In another meta-analysis performed on Gamma Knife treated cases where tumors less than 4 cm were included and a mean follow-up of 2 years, the hearing preservation rate was 44% and tumor control rate was 91% [38].

The results of radiosurgery for VS are better in small tumors. A recent meta-analysis was conducted on tumors less than 2 cm treated by radiosurgery with follow-up more than 5 years and reported hearing preservation rate of 70.2% and a tumor control rate of 96.2%. They reported facial neuropathy rates using GK between 0 and 1.8% per study, while the rates of trigeminal neuropathy ranged between 0 and 3.1% per study. Interestingly, the rate of facial neuropathy in one study on LINAC was 6.9% [39].

It is important to note that a recent meta-analysis on CyberKnife for VS included 800 patients studied during 1998 and 2012 showed results similar to that of GK. The meta-analysis revealed the collective mean tumor control rate to be 96.3%. The collective hearing preservation rate was 79.1% in 427 patients with measurable hearing. The trigeminal neuropathy rate was 2.0%, facial neuropathy rate was 2.0%, and cerebellar/brainstem toxicity rate was 1.8% [26].

Maducdoc et al. performed a thorough literature review on malignant transformation of VS, they included only cases of histopathologic evidence of malignant transformation. They reported 11 cases of malignant transformation after radiosurgery, 4 cases after microsurgery, and 18 cases of either primary malignant VS or de novo transformation to malignancy without surgical intervention of any type. Therefore, it remains possible that the malignant transformation is part of the natural history of rare unfortunate event. In addition, they identified 12 cases of radiation-associated malignant tumors in the setting of NF2 and concluded that radiosurgery of NF2 tumors has been associated with a higher likelihood of malignant transformation [40]. Follow-up should be conducted for 5–20 years following radiation in order to detect any radiation-associated tumors that may develop.

3.3. Surgery

3.3.1. Surgical approaches

Three surgical approaches are available for VS removal: retrosigmoid, translabyrinthine, and middle fossa. The translabyrinthine and the retrosigmoid approaches can be used for all tumor sizes, whereas the middle fossa approach is useful only for removal of small tumors. Hearing preservation can be achieved only through the retrosigmoid or middle fossa approaches. The risk implied for patients is minimized if the surgeon and the team use the approach with which they are most familiar [23].
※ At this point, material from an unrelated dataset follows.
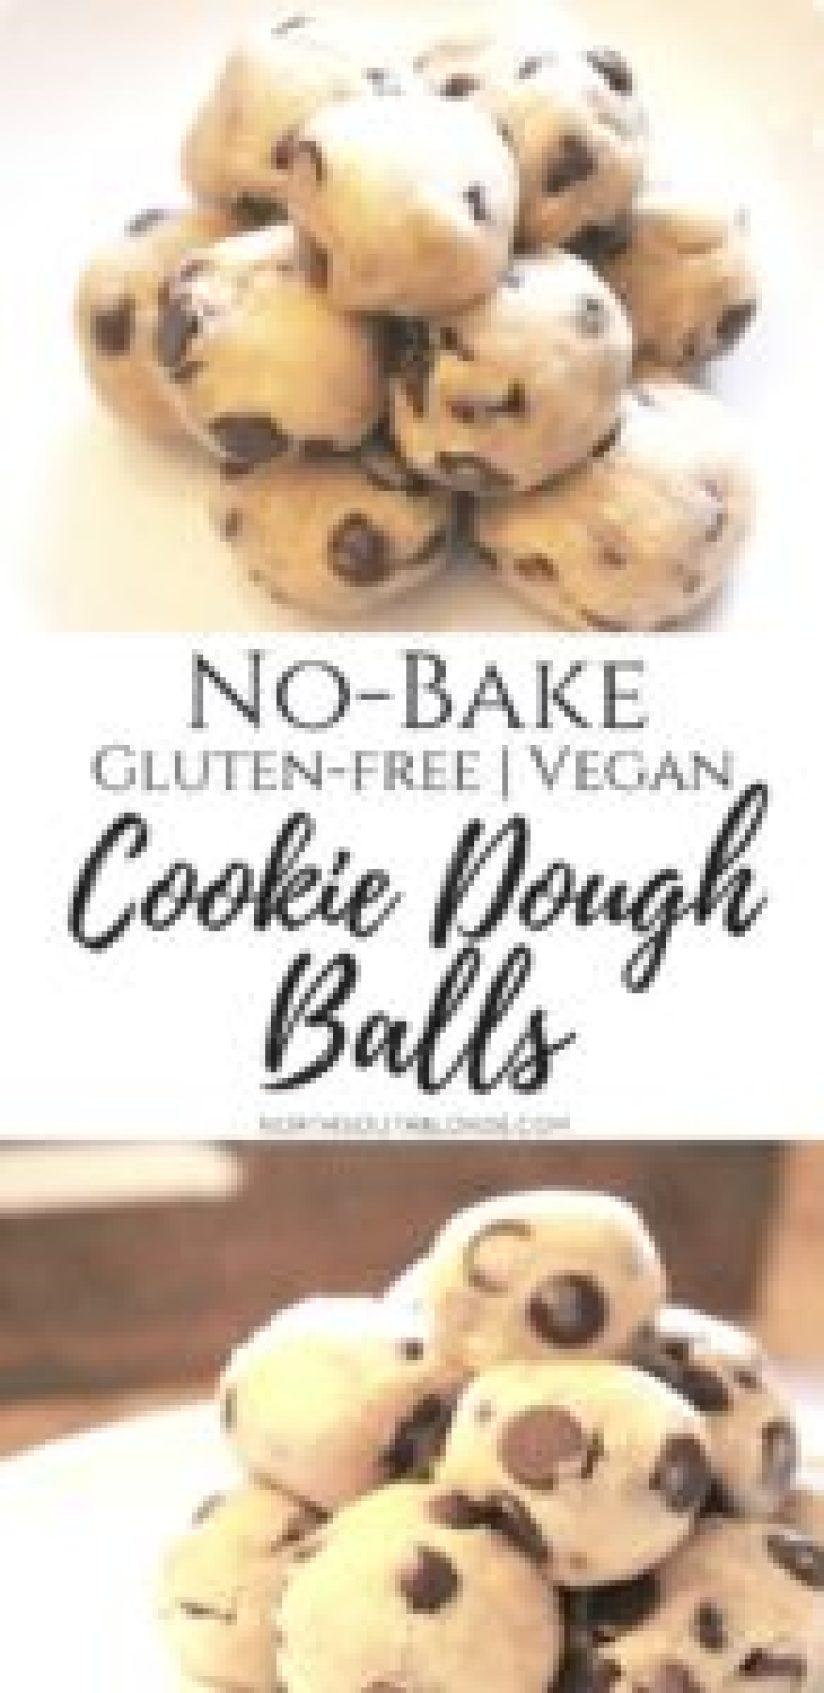 No-Bake Gluten-free Vegan Cookie Dough Balls

The middle fossa approach is suitable for intrameatal tumors and also for small tumors (less than 20 mm) with slight extrameatal extension. It is a subtemporal extradural approach that allows drilling of the roof of the internal auditory canal (IAC) and hence, removal of an intrameatal VS is possible. Retraction of the temporal lobe may be associated with the risk of seizures or sometimes temporal lobe contusion and hence neurological dysfunction [41]. When drilling into the IAC from above, the facial nerve has to be manipulated before reaching the tumor, and therefore, the facial nerve preservation results are inferior to those following other approaches [5, 42].

The translabyrinthine approach is the most widely used approach for removal of VS by neuro-otologists. This approach is hearing destructive, by definition, so it is suitable in cases of nonfunctional hearing. It is a direct approach to the IAC through drilling the mastoid air cells, and the labyrinth. It offers removal of VS of any size, as it provides wide access to the facial nerve and the contents of the CPA with minimal retraction of the cerebellum [41].
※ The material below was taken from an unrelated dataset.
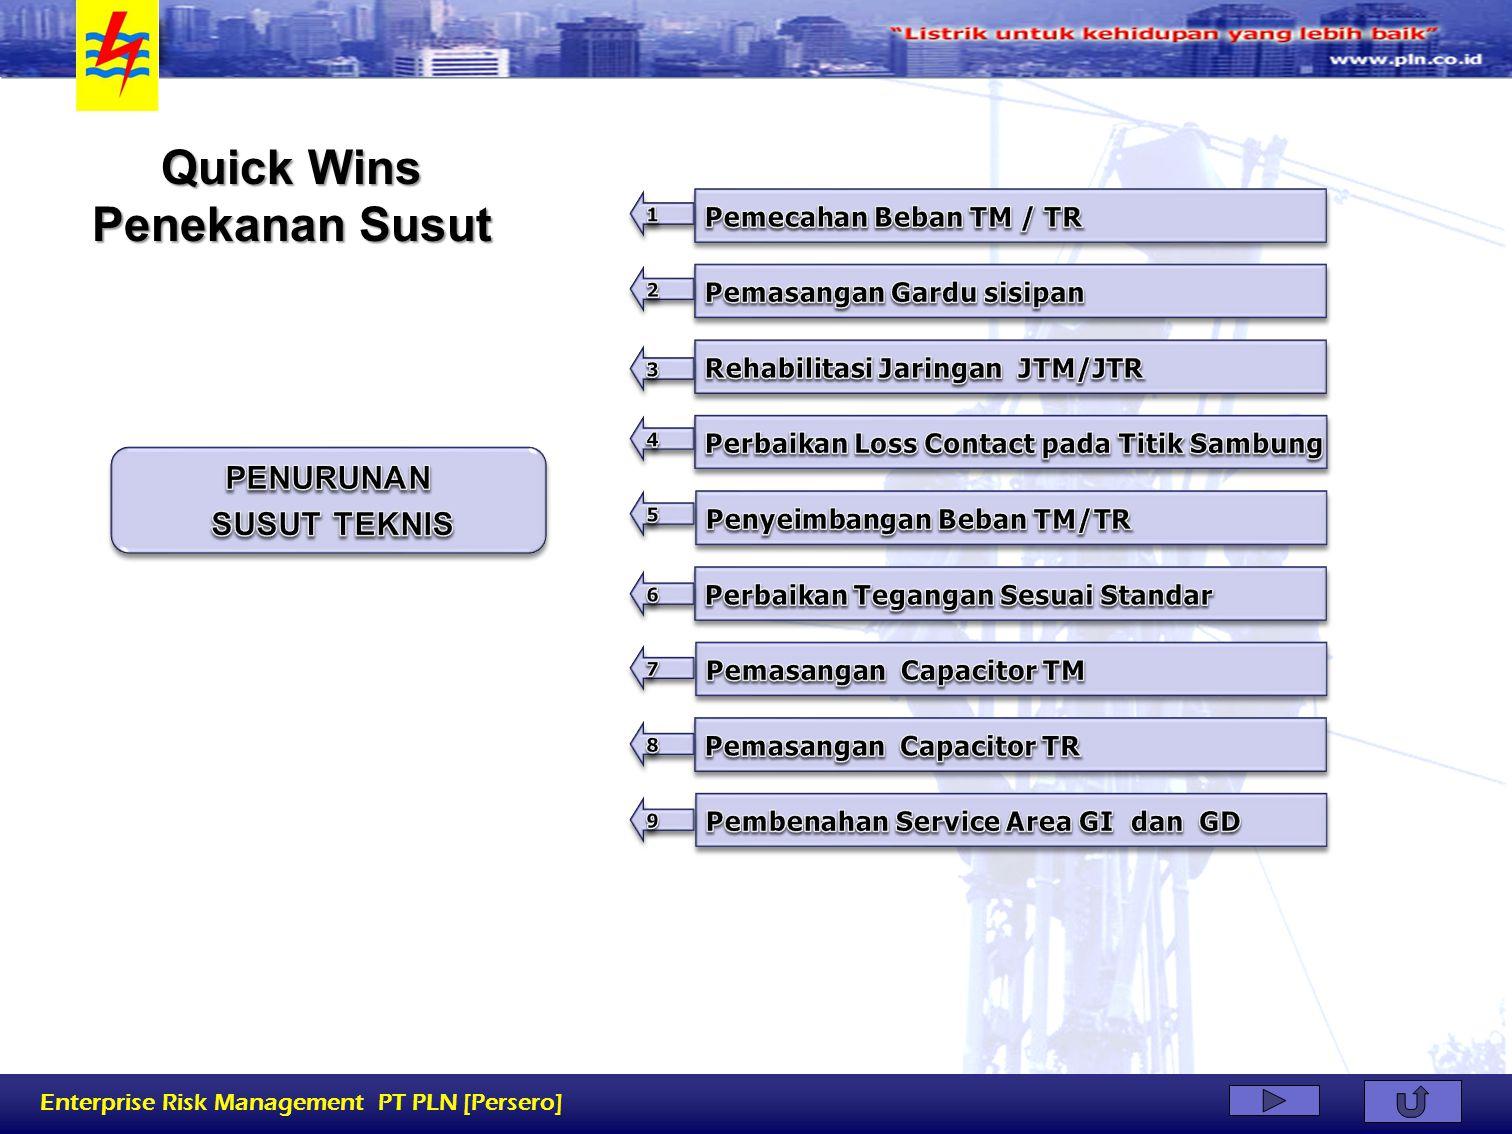 Enterprise Risk Management PT PLN [Persero] Quick Wins Penekanan Susut

In the retrosigmoid approach, the cerebellopontine angle (CPA) is approached after retraction of the cerebellum and hence large VS extending into the CPA could be safely removed. The approach allows wide exposure of the CPA and decompression of the brainstem as well as the cranial nerves; from the trigeminal till the lower cranial nerves. Opening of the posterior wall of the IAC allows for removal of intracanalicular VS. Wide opening of the posterior wall IAC may result in violation of the posterior semicircular canal or the endolymphatic sac and therefore, may be critical for hearing preservation. Recently, endoscopic-assisted exposure of the lateral portion of the IAC allows complete removal of intracanalicular tumor through the retrosigmoid approach with less opening of the IAC [1, 43, 44, 45].

The retrosigmoid approach can be performed in supine, park-bench, or semi-sitting position. The semi-sitting position has the advantage of spontaneous drainage of cerebrospinal fluid (CSF) and blood, which provides a clean surgical field, thereby minimizing the retraction of the cerebellum and reducing the dissection time. The main risks of the setting position are brachial plexus injury and the development of venous air embolism with subsequent pulmonary embolism or even cerebral embolism in case of patent foramen oval. The complications of semi-sitting position can be avoided by the monitoring of somatosensory evoked potentials (SSEPs) during patient positioning to avoid brachial plexus injury, intraoperative monitoring of CO2 and trans-esophageal echocardiography, as well as application of central venous catheter with the tip positioned close to the superior vena cava junction with the right atrium are important to detect the venous air embolism in the early stage, hence avoiding subsequent complications [45]. Even patients with a patent foramen oval can be operated safely in the semi-sitting position under standardized anesthesiological and neurosurgical protocols [46].

3.3.2. Intraoperative neurophysiological monitoring

Intraoperative neurophysiological monitoring in VS surgery is associated with increasing rates of hearing and facial nerve preservation. In addition, it helps to predict the postoperative functional outcome and hence helps the surgeon preoperatively counsel the patient regarding the postoperative hearing and facial nerve outcome.

Direct electrical stimulation and continuous free running electromyography (EMG) monitoring considered the gold standard for intraoperative facial nerve monitoring. However, the role of monitoring of facial nerve motor evoked potentials is still controversial [47].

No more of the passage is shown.